In a separate criticism, Scott said the administration’s proposals would result in legal redundancies. The nuclear-security compliance text would create a new section of the federal criminal code, but the lawmaker said “existing statutes already cover most of our obligations” under the pacts. Any mandates in the four international accords not covered by existing U.S. law should be addressed “in a manner that simplifies the criminal code rather than complicates it,” Scott said.
Deputy Assistant Attorney General Brad Wiegmann at the hearing acknowledged “some overlap” with existing statutes.
It is uncertain to what extent GOP lawmakers on the panel share the concerns of their Democratic counterparts. The State Department insider admitted that “the death penalty has been an issue for some folks but not an issue for other folks,” but subcommittee Chairman James Sensenbrenner, R-Wis., railed with Scott at a December hearing against what both lawmakers described as a proliferation of unnecessary federal criminal statutes.
The State Department official said he was “confident we’re going to have consensus” on the legislation. “Everyone supports the aims of the treaty and what we’re trying to do and everyone’s trying to work with us and find ways to do it.”
It was still unclear how soon a deal could be reached, the official said, adding the administration has consistently sought in talks with congressional staff to “impart a sense of urgency” for completing ratification of all four security deals.
Pomper, though, said implementing the two nuclear agreements “is not a high priority item for Congress.”
“There’s not a lot of political benefit to doing this, and … even though they’re important, they’re sort of obscure to your average congressman, and they’re not going to win or lose an election on it,” the expert said.
The security benefits of the two agreements could outweigh their domestic political significance, statements by U.S. and international experts suggest. Both measures are “essential elements of the global nuclear-security architecture,” according to the 2010 summit communique and a statement by current and former top officials assembled to advise South Korean President Lee Myung-bak on the upcoming forum in Seoul.

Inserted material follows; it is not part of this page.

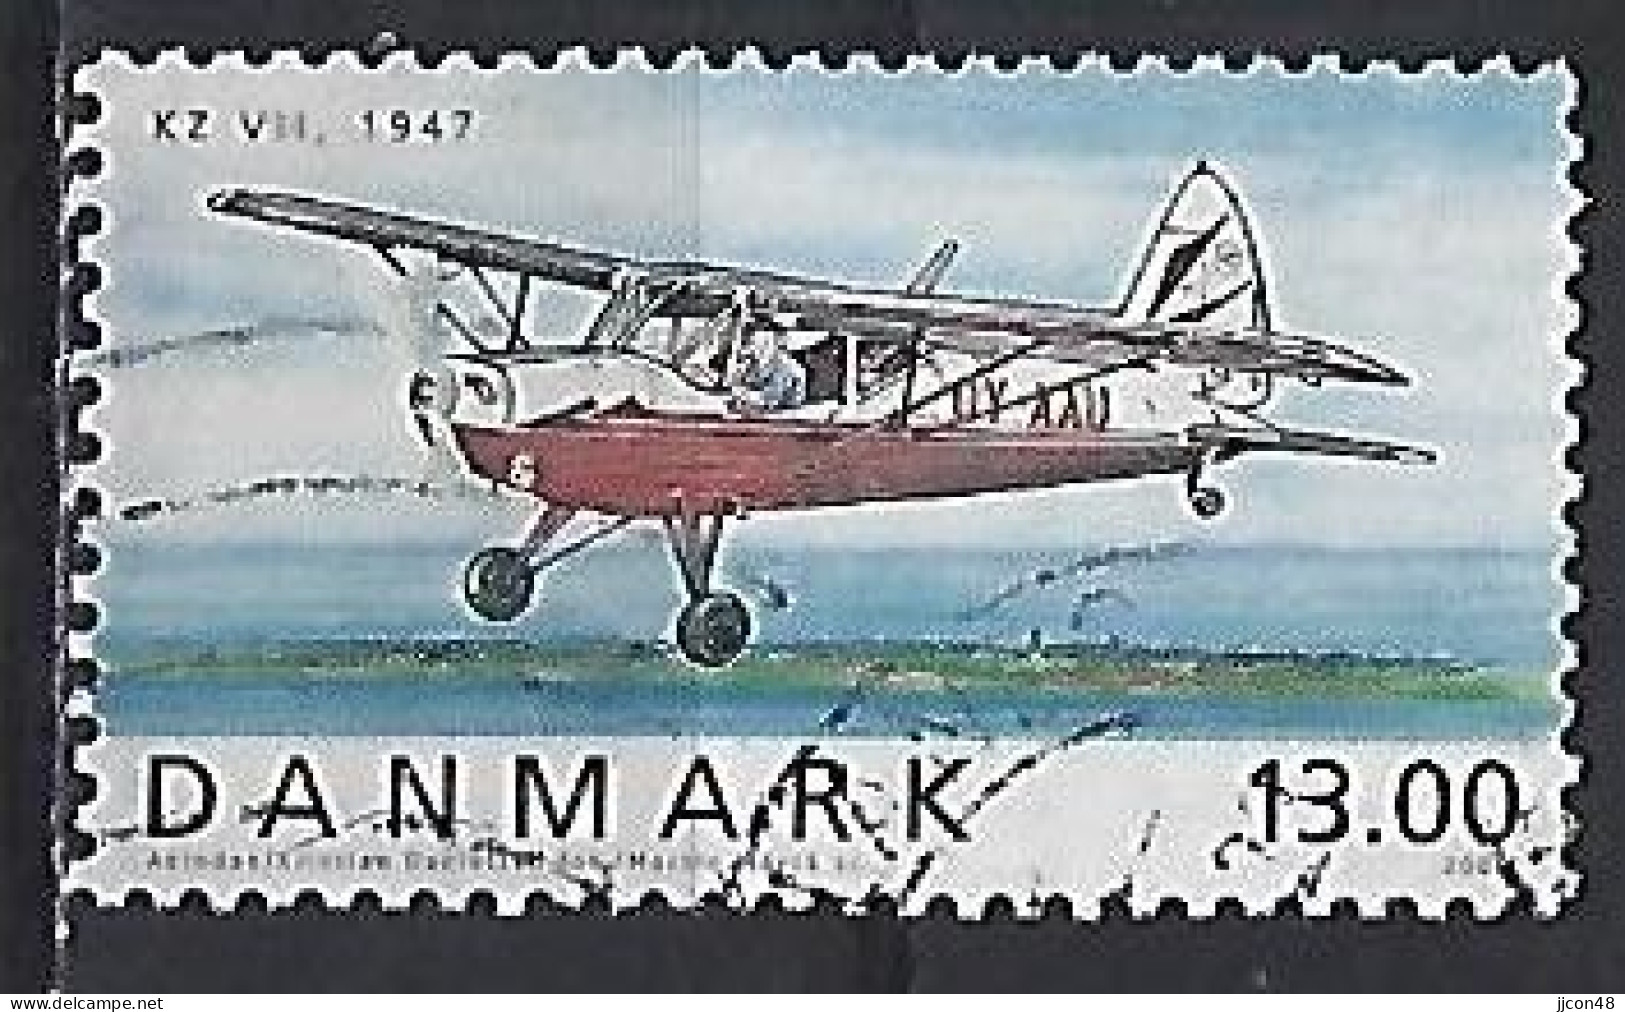 Denmark  2006  Danish Aircraft  (o) Mi.1443 - Oblitérés

“These treaties already won broad bipartisan support from the Senate in 2008 so passing simple legislation to implement them should be possible,” Senate Foreign Relations Committee Chairman John Kerry, D-Mass., told Global Security Newswire in an e-mail statement.
CORRECTION: The original version of this story misstated the number of countries that have ratified the Convention on the Physical Protection of Nuclear Material amendment. The correct number is 53.